Find "Longchamp Leather Hobo Bags" below and begin at its line; stop after the line with "Information panels at". Output those lines exactly, without pictures.

» **THE DATA**:
= = =

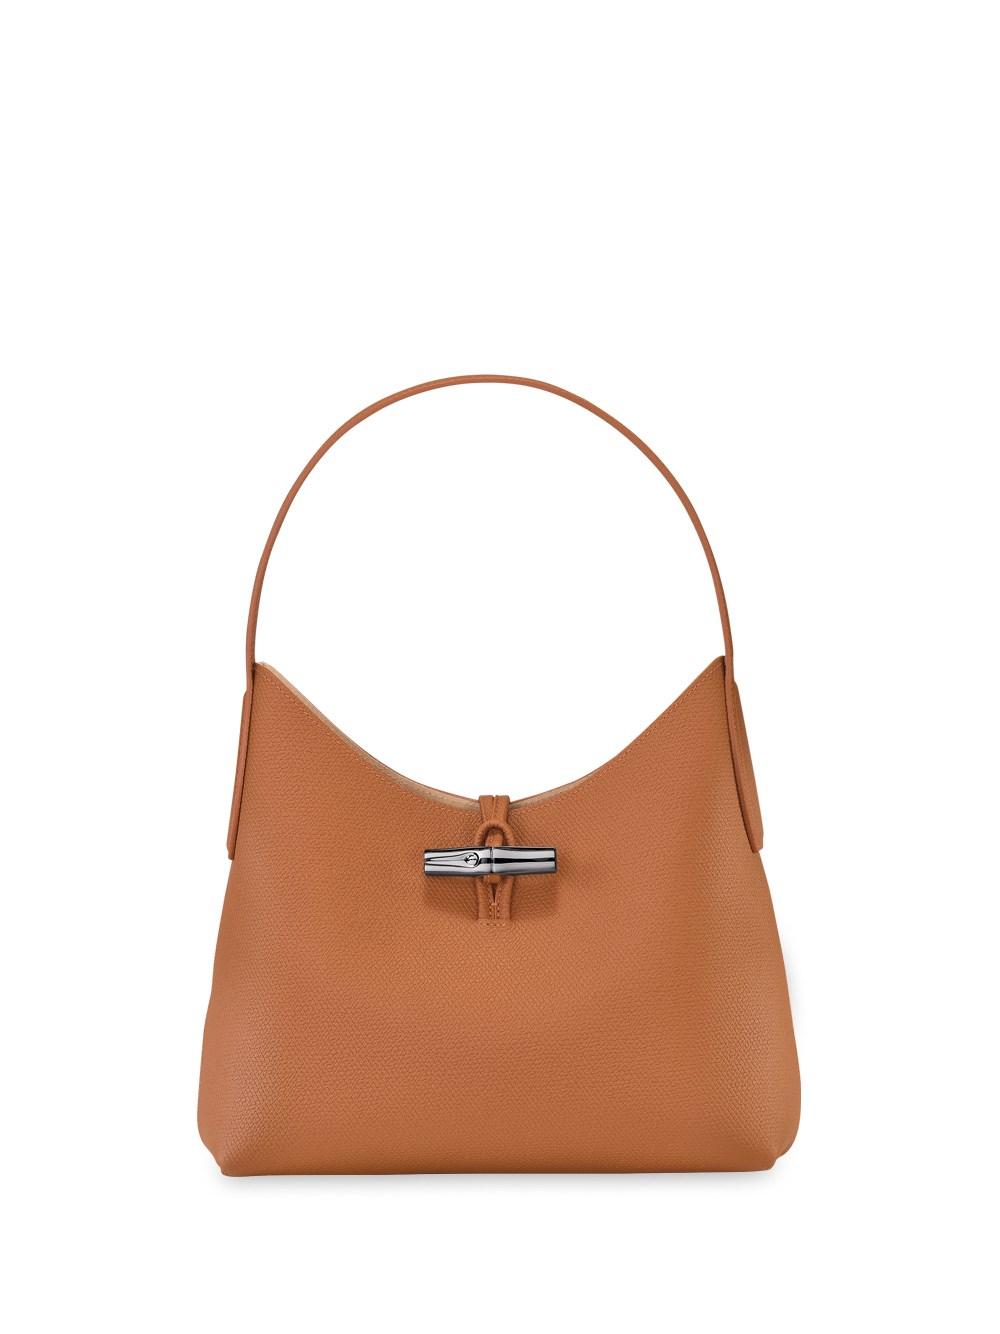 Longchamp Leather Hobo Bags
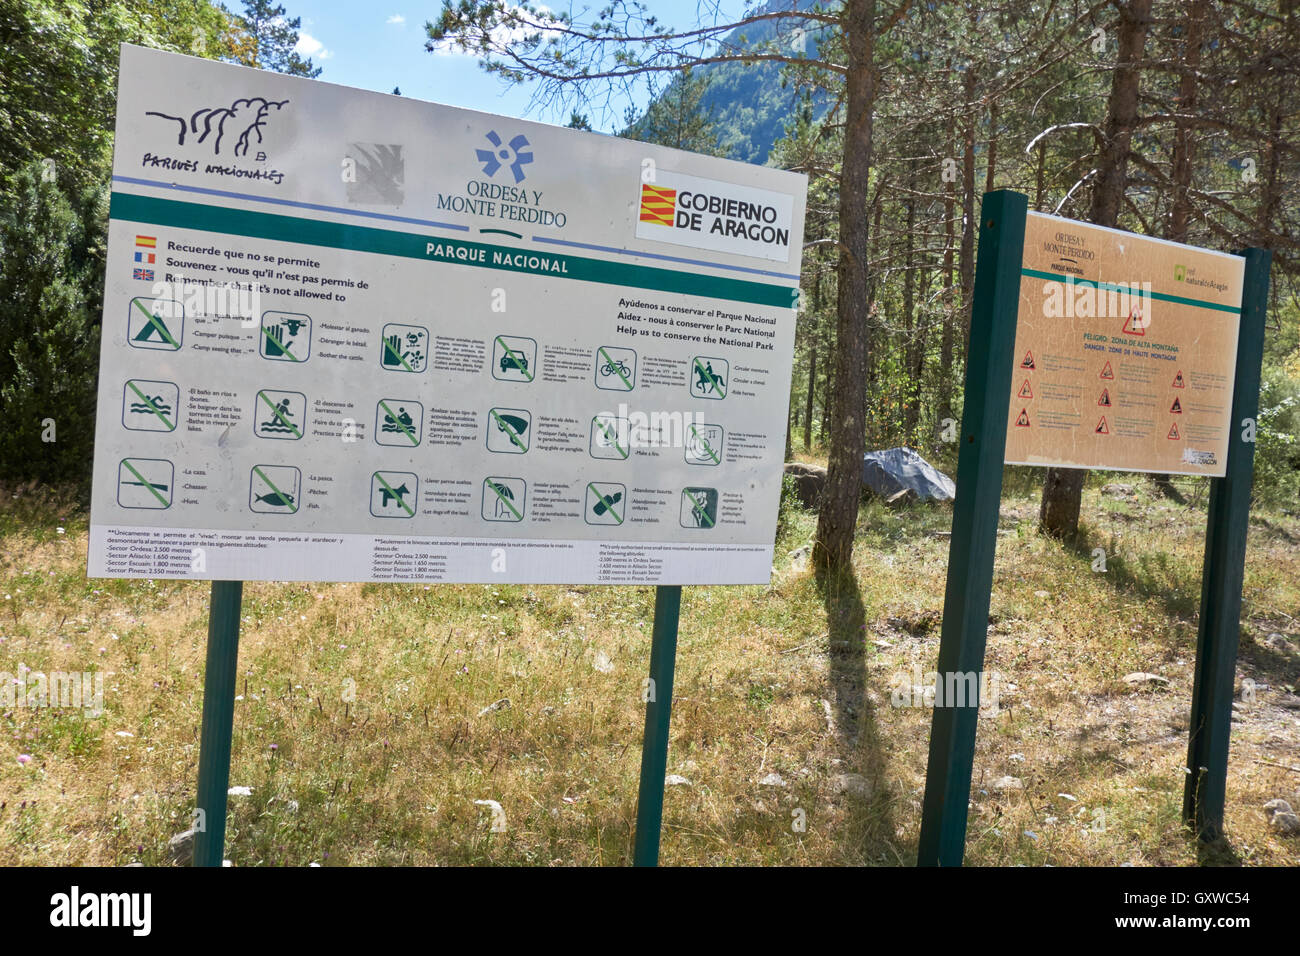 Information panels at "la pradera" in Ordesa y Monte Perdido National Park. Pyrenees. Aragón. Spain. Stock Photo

= = =

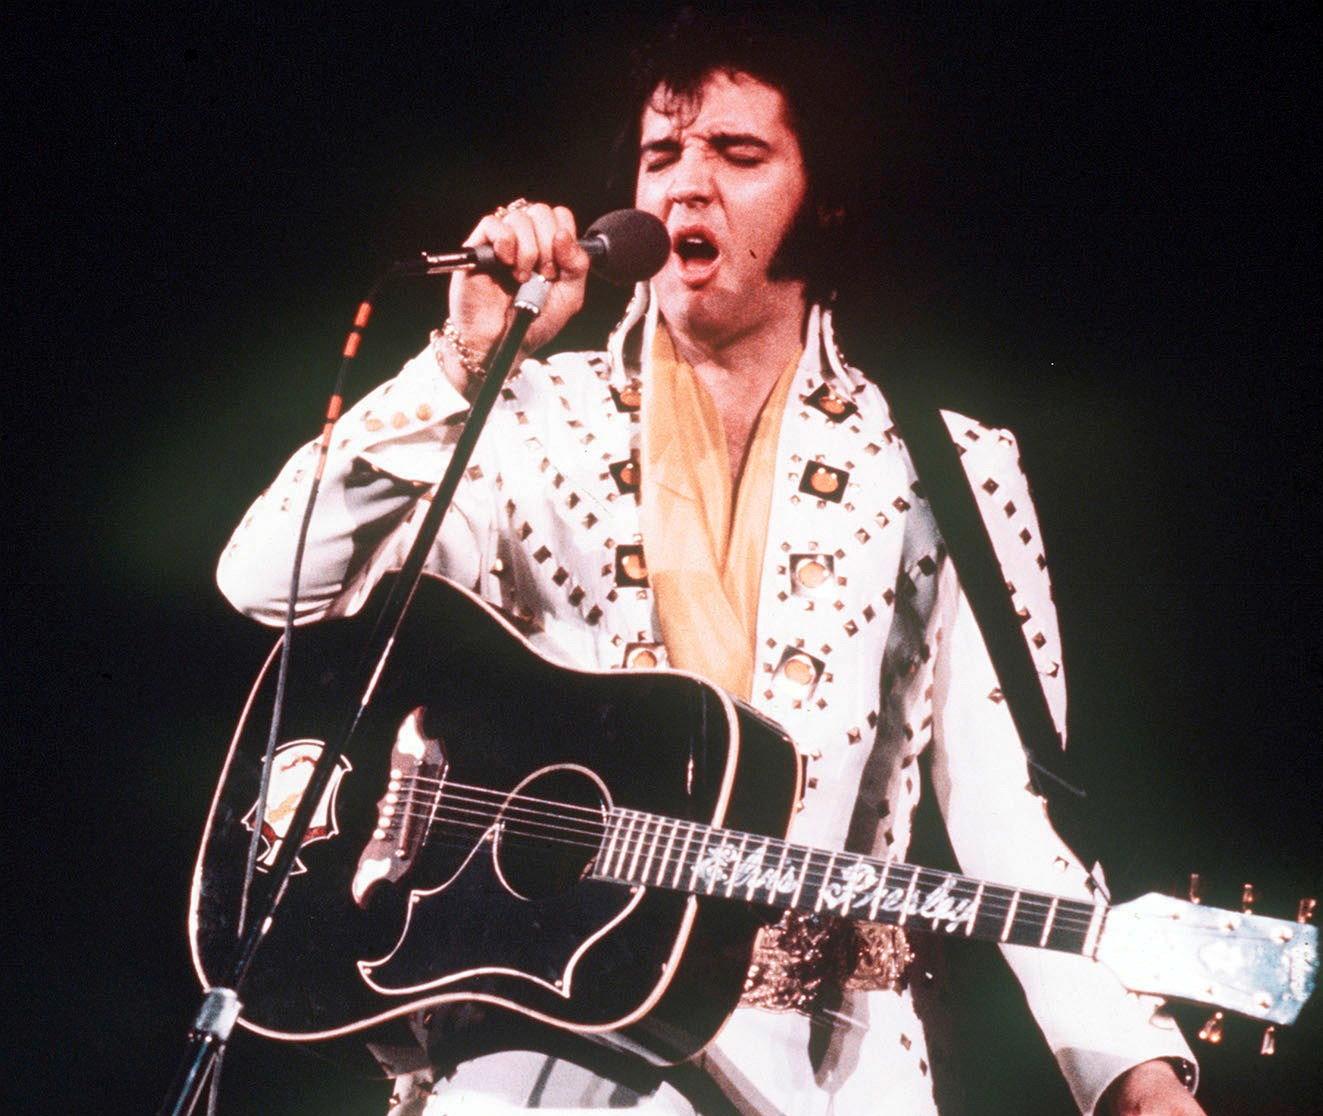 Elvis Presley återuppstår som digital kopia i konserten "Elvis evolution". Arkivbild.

= = =

» **ANSWER SPACE**:
 Longchamp Leather Hobo Bags
 Information panels at "la pradera" in Ordesa y Monte Perdido National Park. Pyrenees. Aragón. Spain. Stock Photo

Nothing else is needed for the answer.